John Steinbeck’s Warning in Playboy about Donald Trump

Image of Donald Trump with Playboy magazine

The long relationship between Playboy magazine and Donald Trump, America’s playboy-in-chief, is old news. But the recent death of Hugh Hefner unearthed some surprising Playboy connections, including a list of major authors—among them John Steinbeck—who wrote for the serious men’s magazine that paid well and reached readers otherwise untouched by serious literature. In light of our president’s tweets and threats to bomb America’s enemies back to the Stone Age, Steinbeck’s satirical “Short Short Story of Mankind,” first published in the April 1957 issue of Playboy, has a message as relevant today as it was 60 years ago, when the golf-loving Dwight Eisenhower was president and the Cold War was on in earnest.

Image of John Steinbeck's Short Short Story of Mankind in Adam magazine

An allegory in the style of Mark Twain, Steinbeck’s account of human progress from savagery to civilization has a cartoon quality picked up by the illustrator for Adam, which republished Steinbeck’s Playboy piece in 1966 (images above and below). But like the “poisoned cream puff” of Steinbeck’s Cannery Row fiction, the mirth of “A Short Short Story of Mankind” is meant to be sobering. At every step, Steinbeck suggests, our progress as a species has faced resistance from a constant and terrifying tribal stupidity which, unchallenged, would lead to our extinction. “It’d be kind of silly if we killed our selves off after all this time,” he concludes. “If we do, we’re stupider than the cave people and I don’t think we are. I think we’re just exactly as stupid and that’s pretty bright in the long run.”

Image of John Steinbeck's Short Short Story of Mankind in Adam magazine

To my knowledge “A Short Short Story of Mankind” has never been anthologized, but it’s time it was. Living in the daily shadow of Donald Trump’s presidency, we need its dark warning and its ray of hope, the somber and uplifting counterpoint that echoes Steinbeck’s Nobel Prize acceptance speech and later writing. Today, six decades after Playboy magazine published John Steinbeck for the first and only time, it’s useful to remember that the author died a month after the election of Richard Nixon, whose dishonesty and demagoguery he deeply distrusted. It’s easy enough to imagine what he’d have to say about Donald Trump if he were still alive.

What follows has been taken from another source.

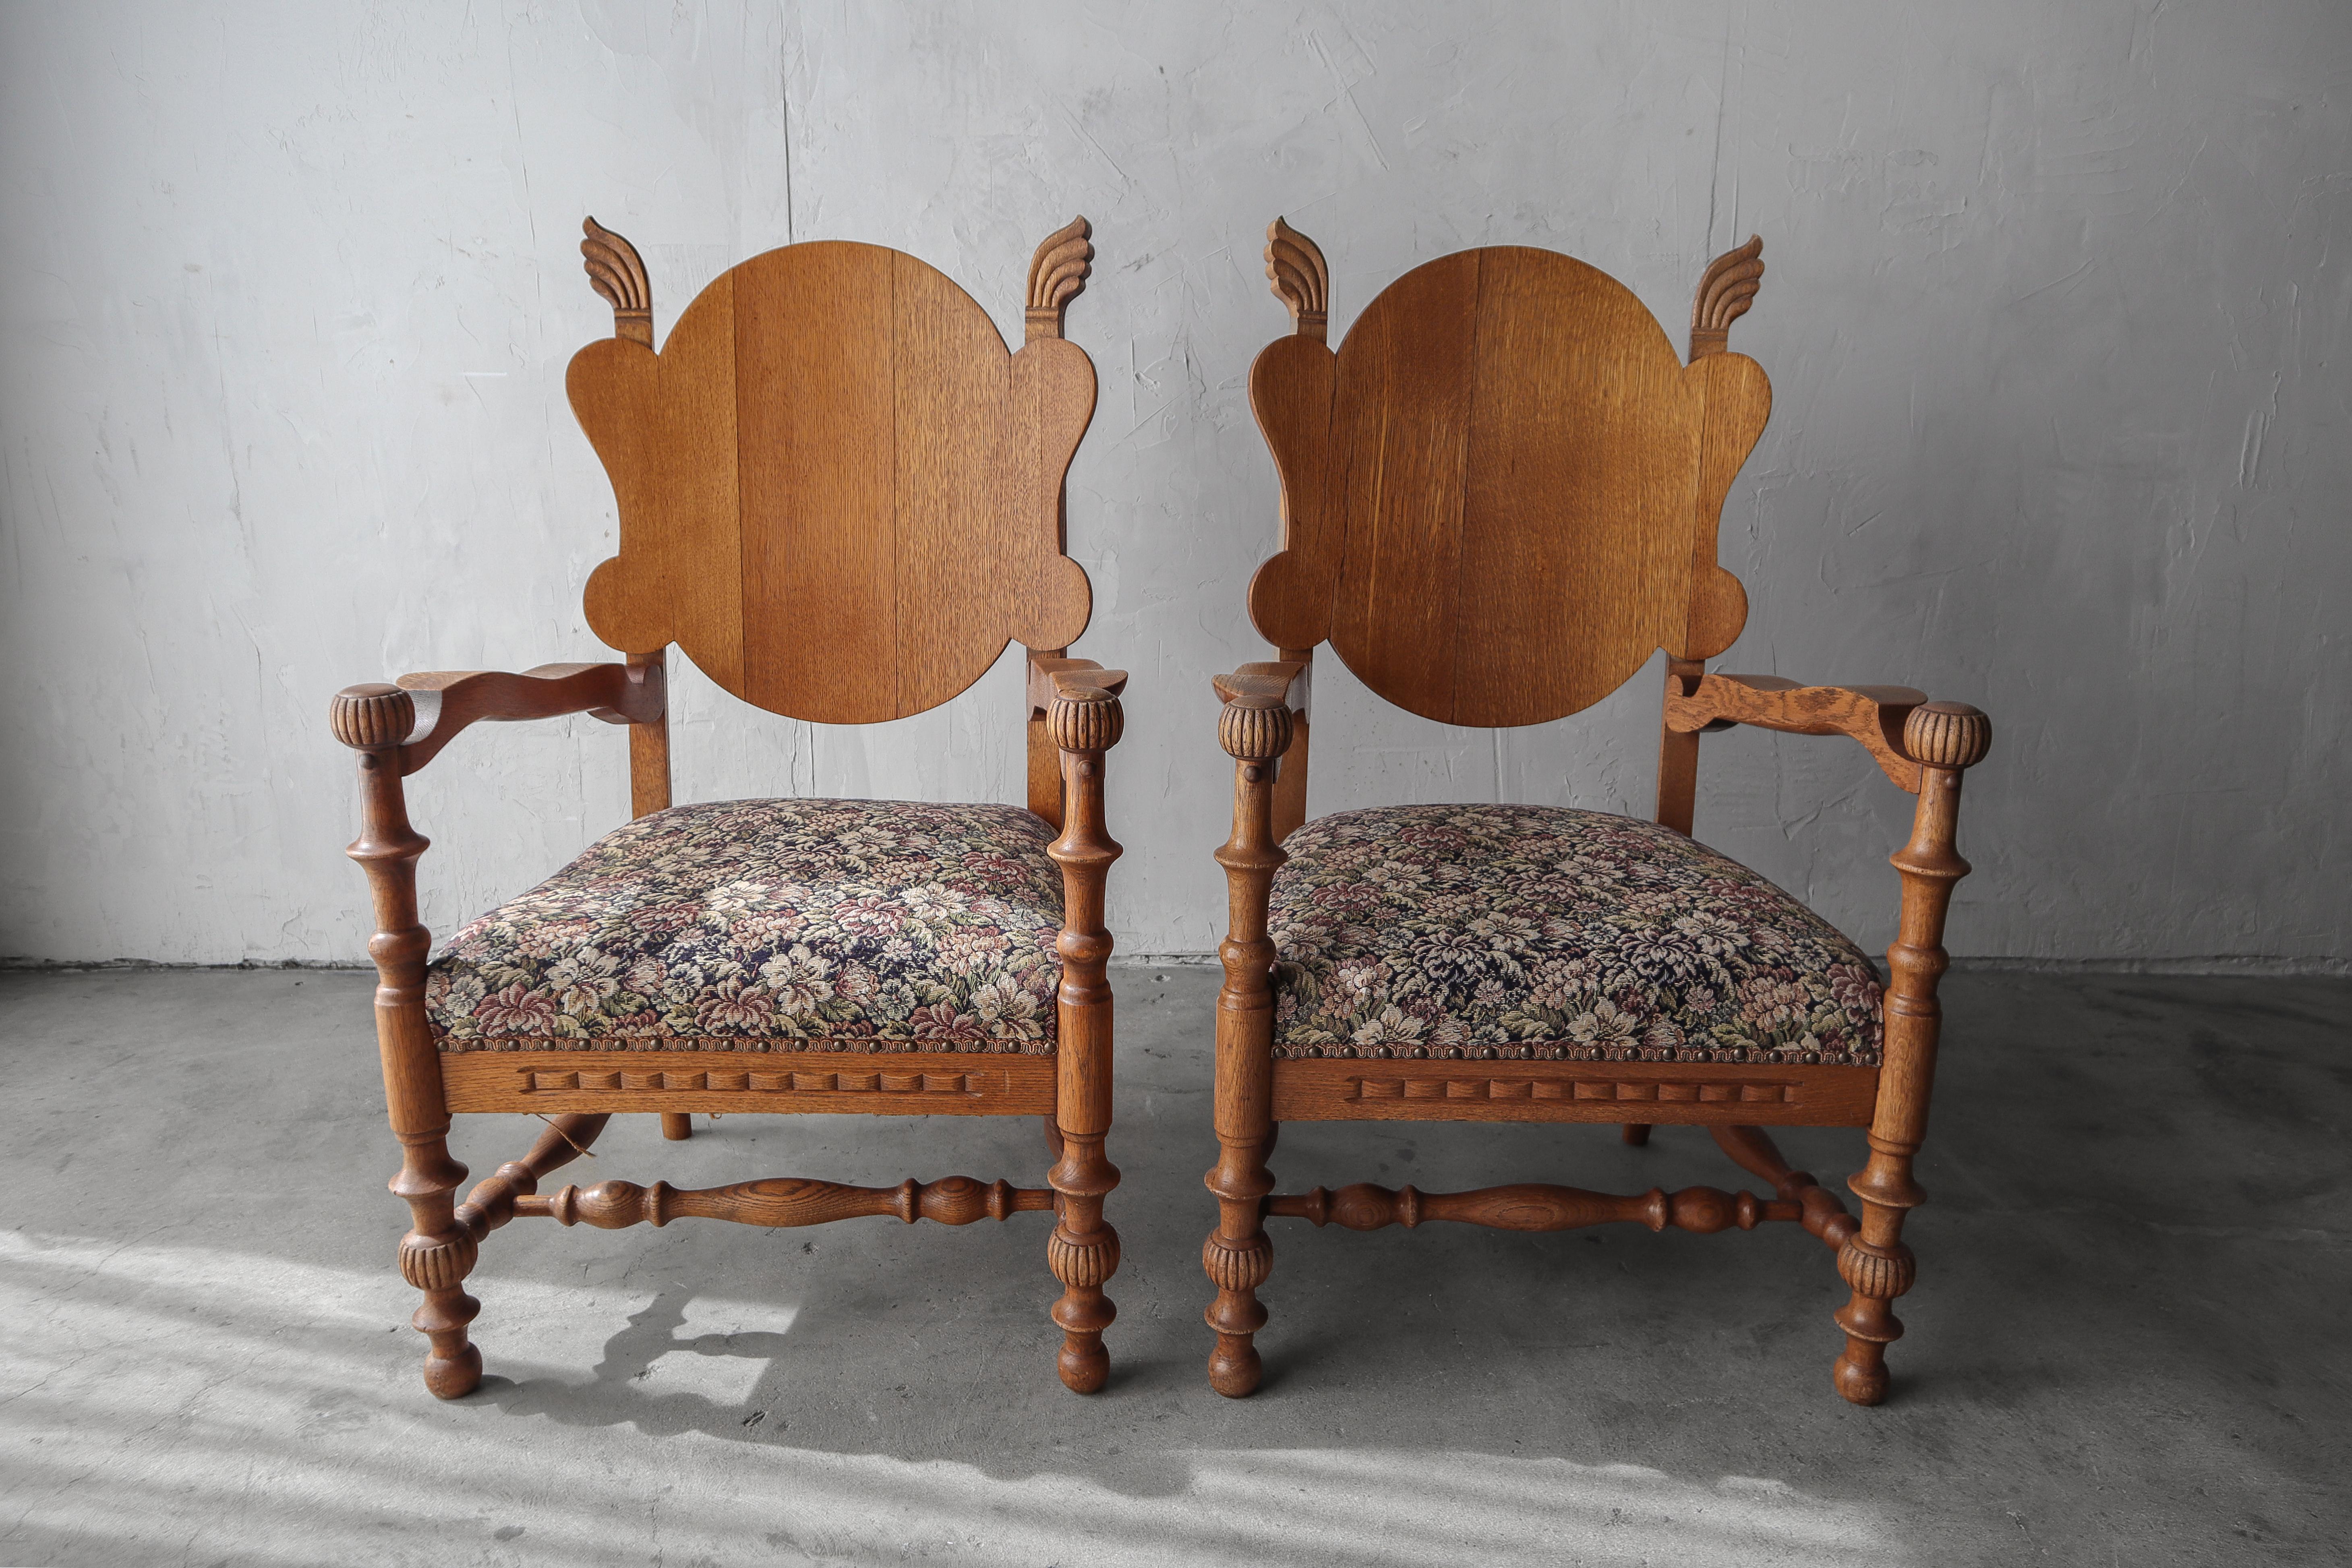 Unglaubliches Beispiel für antike geschnitzte Eichenstühle.  Diese Stühle haben wunderschöne geschnitzte Details, gebogene Rückenlehnen aus Eichenschichtholz und originale Sitze mit Blumentapeten.  Diese sind meiner Meinung nach der Inbegriff von

The warning he’d have for a nation under Trump is implicit in the imagery and tone of his Cold War admonition to America under Eisenhower—an incurious president who also preferred golf but, unlike Trump, read the occasional book and avoided Stone Age rhetoric. Read the piece and judge for yourself.

About William Ray

William Ray is a Steinbeck scholar living in Santa Clara, California. He received his PhD in English from the University of North Carolina.


  1. Bob DeMott says:

    Most timely, Will! Thanks for reintroducing us.

  2. Leaves one with an allegoric hunger for life…

  3. Paul Douglass says:

    It’s a cold dark world of allegories out there. I’m really curious now as to how JS came to contribute this piece–whether it was something he was already incubating, or the magazine invited him to weigh in on DDE, whom he had been warning about since the 1952 campaign against Adlai Stevenson…

  4. Herb Behrens says:

    R. S. Hughes, Beyond the Red Pony 1987. Scarecrow Press, Inc. writes that the original title was “We are Holding Our Own”, published in Lilliput, Nov. 1955. Apparently it was reprinted in The Permanent Playboy, ed. Ray Russell [New York] Crown Publishers, and 1959.

    • Thank you for this information, Herb. I failed to dig deep enough to discover the alternate title or prior publication history of the piece, first published in 1955, not 1957 as I thought. This is also the period of ‘Sweet Thursday’ and ‘The Short Reign of Pippin,’ a satirical work with a similar tone.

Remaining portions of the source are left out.